В первые минуты она не знала, какой быть, чему резонировать, и готова была к любому, даже самому траурному раскладу. Но с облегчением и радостью обнаружила, что Вовка стал, вроде бы, каким она помнила его по детству и по январскому его приходу в школу – хотя к лучшему у него, как говорили, ничего не изменилось. Вовка в последнее время был персонажем многих слухов и пересудов Полудня, и все они были печальны. С самого начала Сима оказалась благодарна ему за то, что последний лучезарный день года, который мог оказаться – она, безропотно соглашаясь на встречу, вполне отдавала себе в том отчет, – чем-то вроде нескончаемого подметания любимой могилки, сразу стал, да так и остался в ее памяти, развеселым, беззаботным, сверкающим карнавалом. Столько она, наверное, не смеялась ни разу в жизни. А может, дело было не в количестве. Наверное, лучше сказать: ТАК она не смеялась ни разу в жизни. Даже когда она не смеялась, в ней все смеялось. Она словно на широко распахнутых крыльях парила головокружительно высоко в прогретых землей восходящих потоках счастья. Простого и такого исконного – как теплый хлеб.
Они еще до берега не дошли, когда ей в кроссовку попала какая-то вредная, острая то ли щепинка, то ли хвоинка; кособоко вихляясь на одной ноге и поджимая разутую другую, она пыталась вытряхнуть ее и раз, и два – и всякий раз, как обувалась, та снова принималась колоть ее больно и зло, точно кончиком шприца. На первой попавшейся лавке она уселась, стащила обувку и уже капитально принялась избавляться от успевшей осточертеть проблемы: била подошвой об землю, переворачивала, трясла и снова била, растопыривала кроссовку и заглядывала ей в душу пытливо и придирчиво, становясь похожа на дотошного ларинголога (скажите «А-а-а!»), залезала пальцем внутрь и скребла ногтем. Вовка, чуть расставив ноги, мирно стоял рядом и любовался. Девочка была чудо. Что-то ему напоминали ее энергичные действия; он не сразу вспомнил, потом до него дошло: примерно так, наверное, Аладдин тер свою лампу.

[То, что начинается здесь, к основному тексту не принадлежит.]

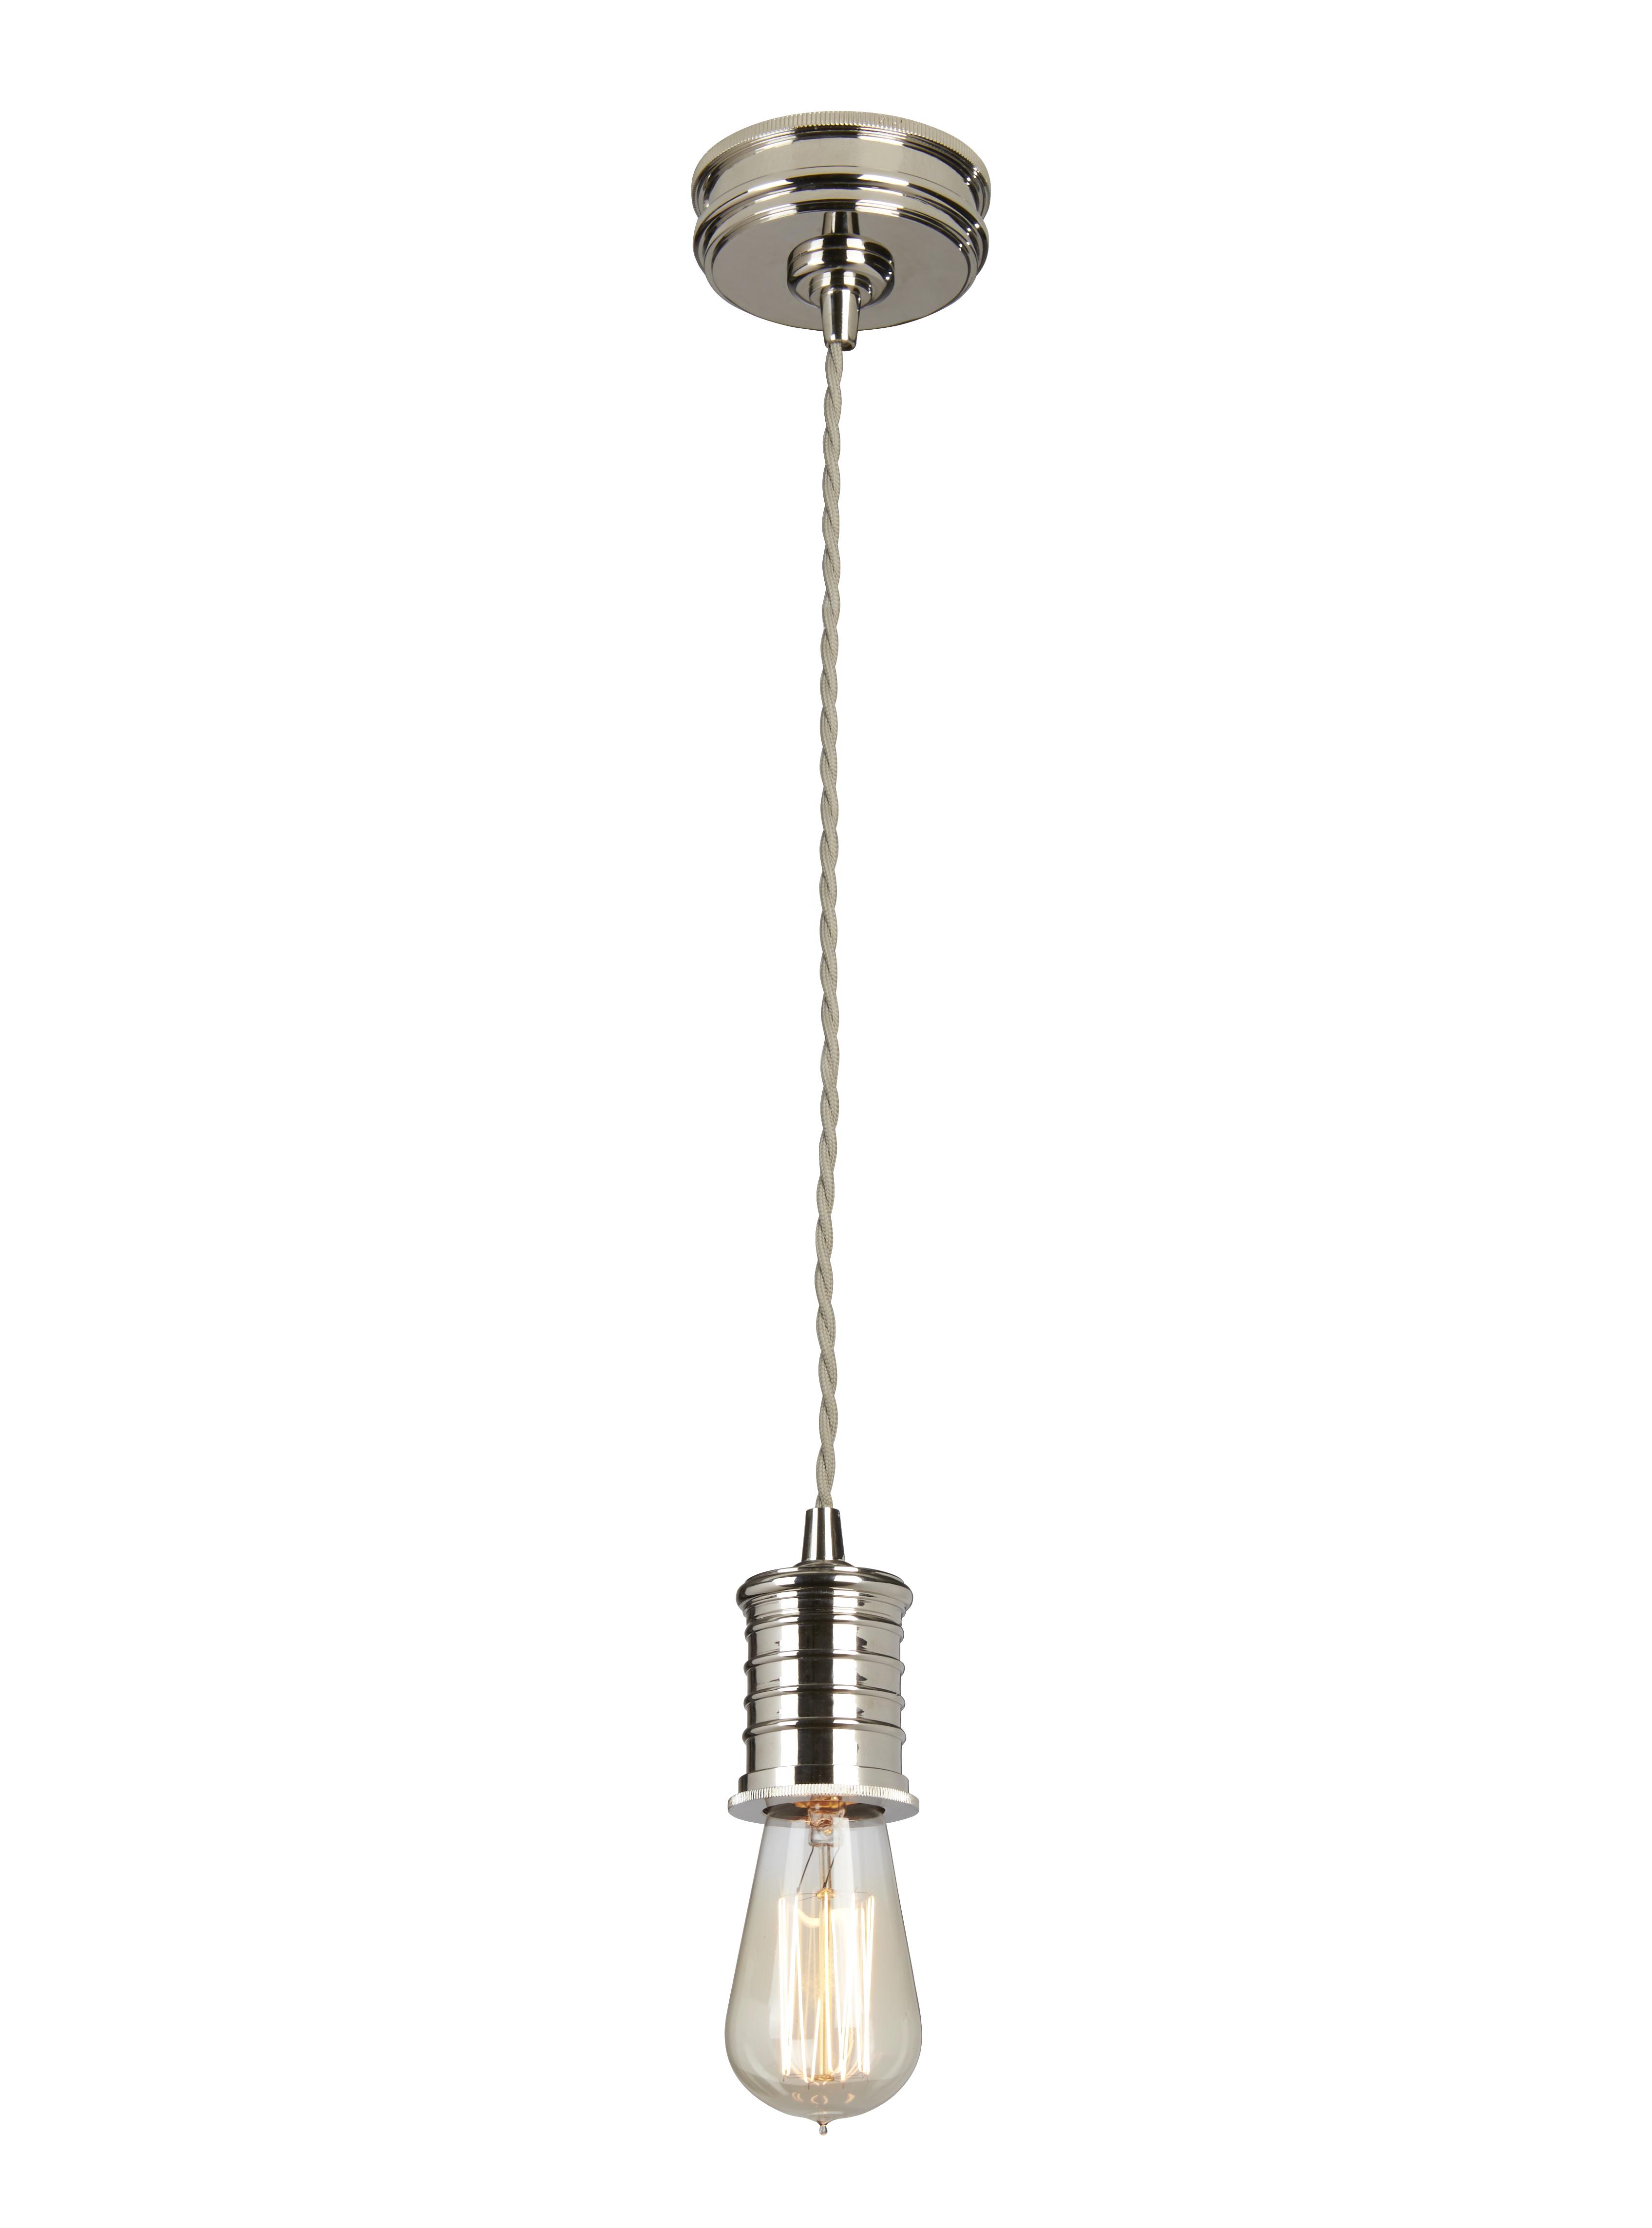 Купить Подвесной светильник Elstead Interior полированный никель, inmyroom, Китай

– Ты что, – серьезно спросил Вовка, – джинна выколачиваешь?
Она недоуменно замерла. Какое-то мгновение она не могла переключиться; но, сообразив, увидев себя со стороны, захохотала так, что заплескала руками и выронила кроссовку. Вовка стремглав ее подхватил, поднял и, пав на колени, на двух ладонях, как драгоценность на блюде, подал хозяйке. Протяжным утробным басом заголосил:
– Я – раб тапки!
С того и пошло. Часа четыре они пробыли в том состоянии, когда палец покажи – и валишься впокатушку. До слез, до потери дыхания. Когда захотелось пить, он купил в киоске бутылку воды, Сима отвинтила ей голову, запрокинула лицо и, сделав глоток, загляделась в небо. Вовка на всякий случай тоже посмотрел вверх, потом спросил:
– Сокол охотится? Боишься, воду у нас стащит?
– Нет. Соколы из бутылок не пьют…
– Это русский сокол Вася. Камнем вниз из поднебесья, цоп баллон когтями и – ходу, ходу!

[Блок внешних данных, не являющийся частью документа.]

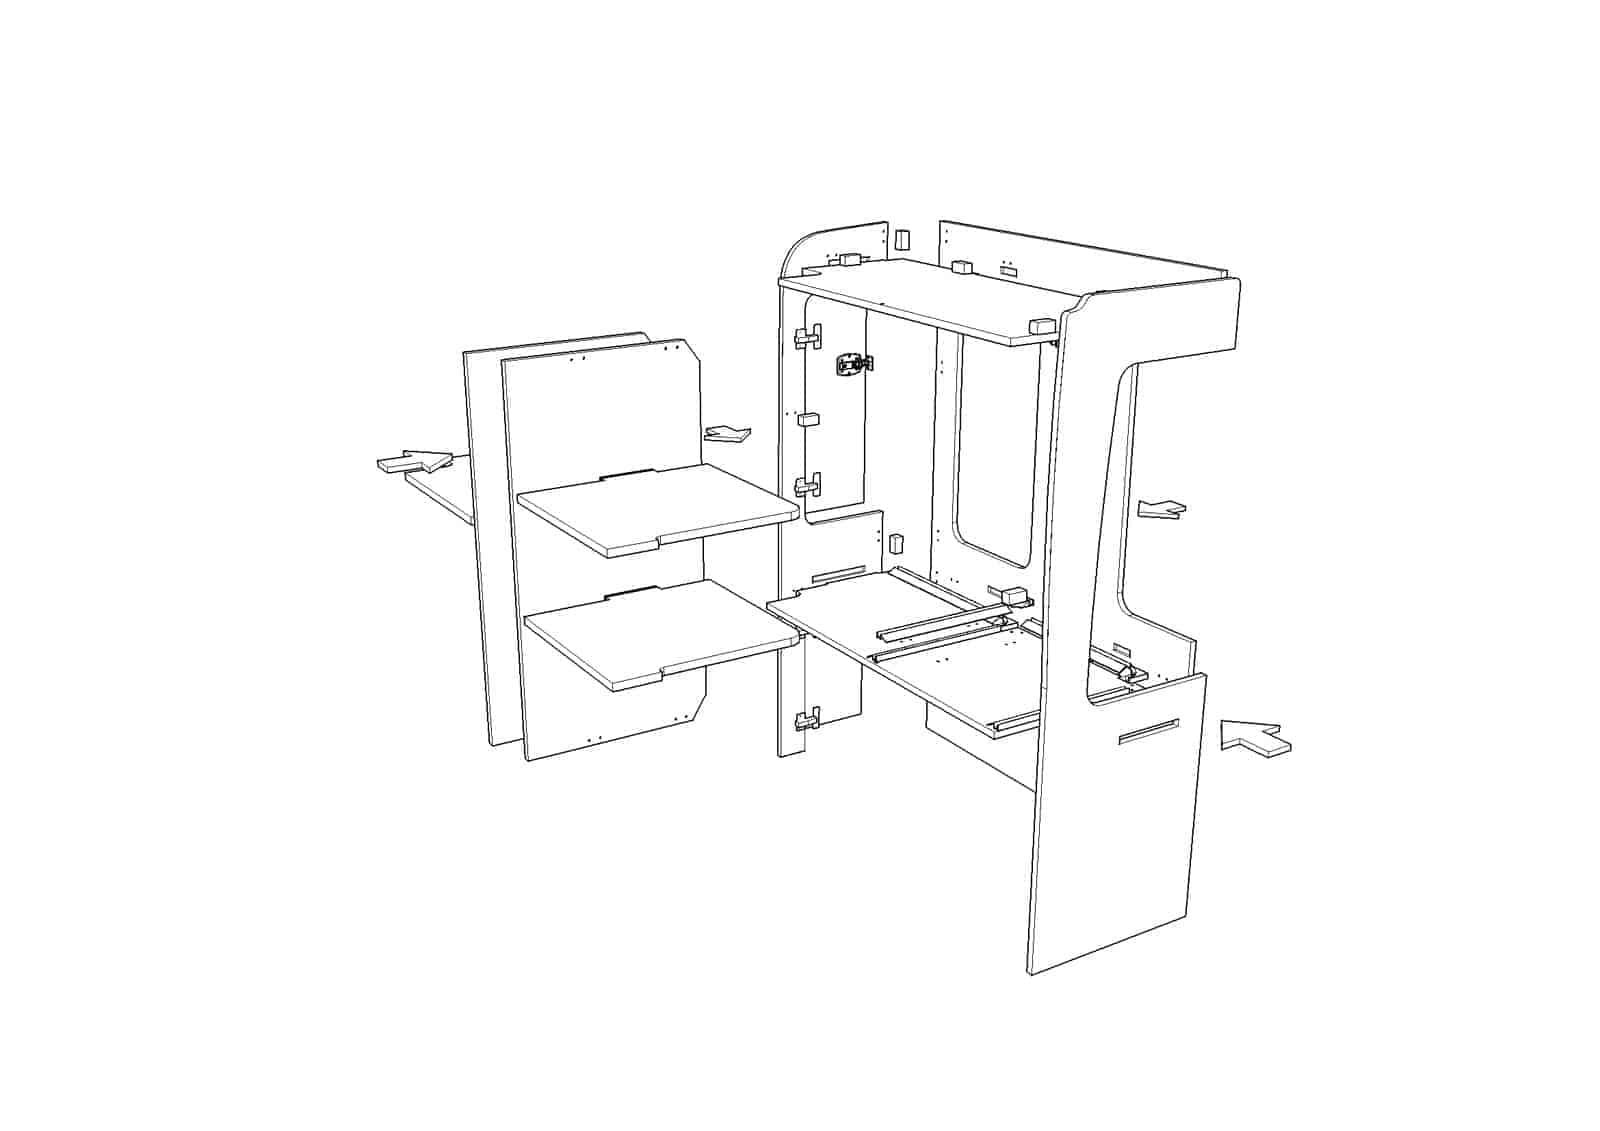 vauxhall zafira towbar wiring diagram circuit breaker shunt trip ecu imageresizertool com

И она снова смеялась, и задыхалась от нежности, и хотела быть песком под его ногами.
Украдкой она следила за ним, когда, расстегнув пуговку на позвонке, через голову смахивала легкий сарафан. Она простить себе не могла, что из уважения к его бедам зачем-то надела самый закрытый купальник. Будто в церковь собралась или на кладбище… Надо было – наоборот, чтобы все кругом попадали, у нее же есть и такой. Уже ясно, что ему было бы приятно. Она, конечно, старалась не подавать виду, что замечает, но и не замечать не могла: когда она блаженно потягивалась перед ним или, раскинувшись на спине, поворачивала голову, невзначай подставляя лицо губам лежащего рядом мужчины, и вообще вытворяла то, в чем у нее не было ни малейшего опыта, и единственно юный женский инстинкт семафорил ему ее телом – у него надувались плавки.